------ RECORD EXCERPTS

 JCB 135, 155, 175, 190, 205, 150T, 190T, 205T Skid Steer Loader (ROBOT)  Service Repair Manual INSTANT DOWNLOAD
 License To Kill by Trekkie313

------------
------ RECORD EXCERPTS

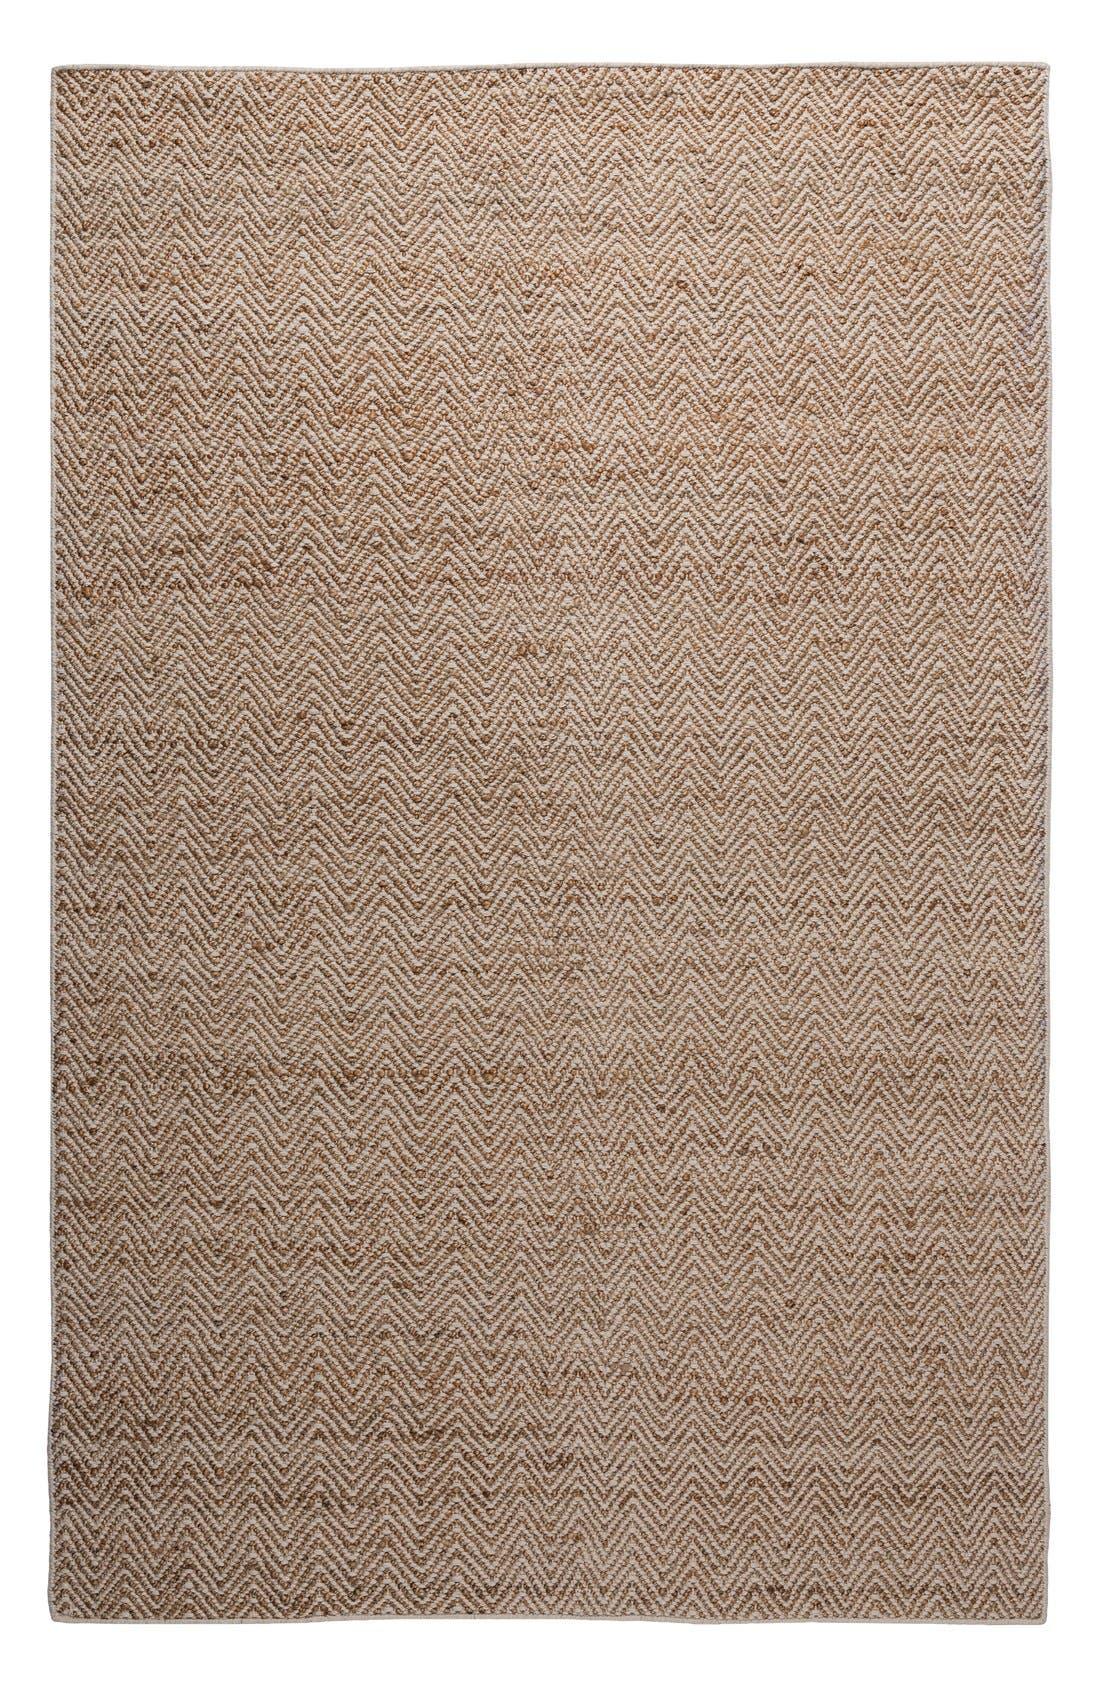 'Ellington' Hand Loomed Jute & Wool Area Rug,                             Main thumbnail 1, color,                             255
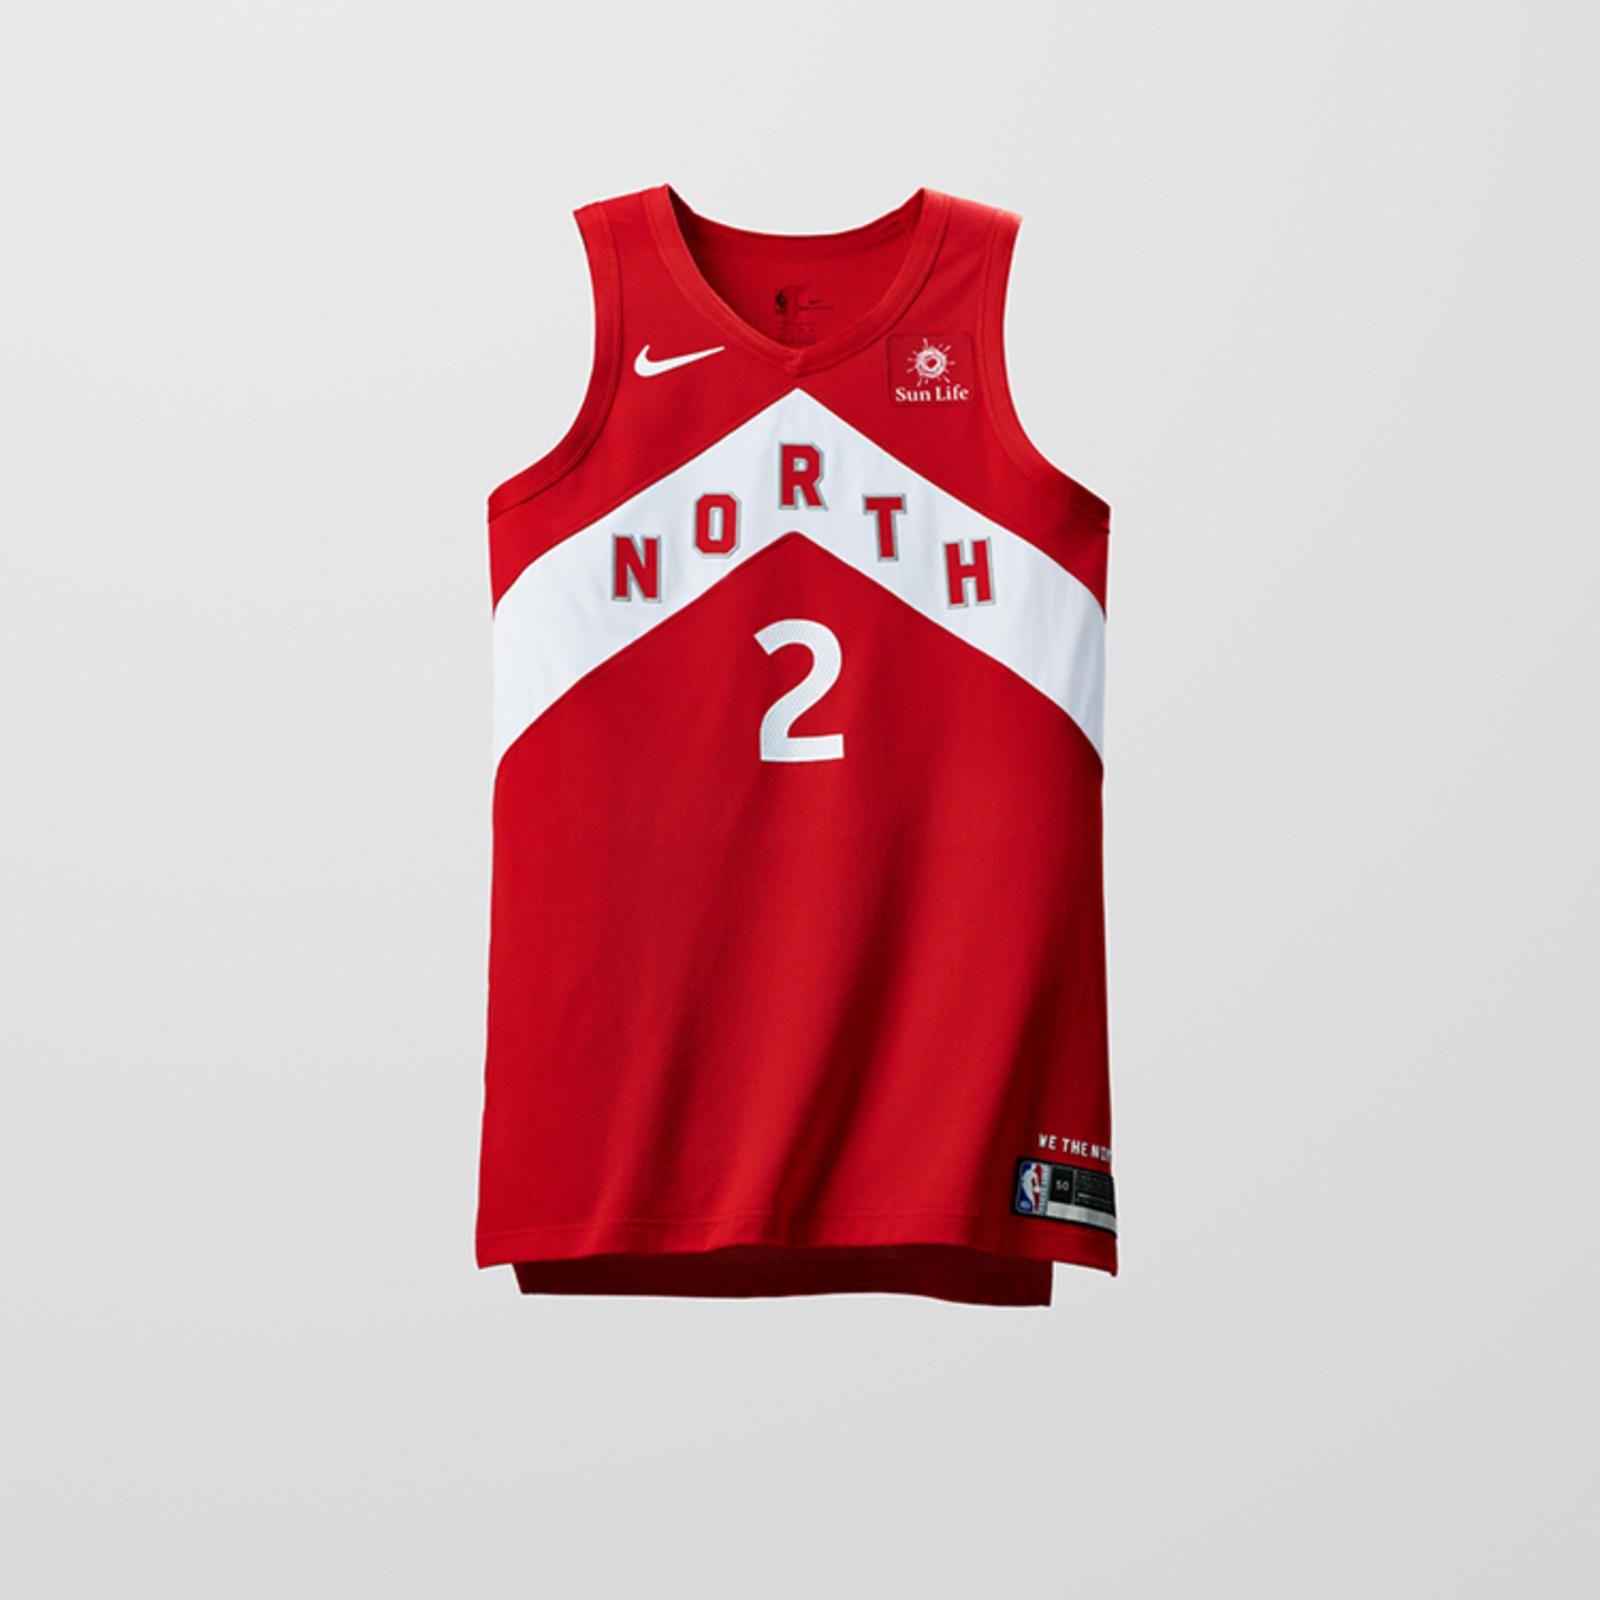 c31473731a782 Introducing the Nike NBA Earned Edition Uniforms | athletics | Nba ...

------------

## EXERCISE
Print, word for word, the lines above that run from the line containing "Hand Loomed Jute" to the line containing "c31473731a782 Introducing the", both included. Keep the pictures out.

## TASK SOLUTION
 'Ellington' Hand Loomed Jute & Wool Area Rug,                             Main thumbnail 1, color,                             255
 c31473731a782 Introducing the Nike NBA Earned Edition Uniforms | athletics | Nba ...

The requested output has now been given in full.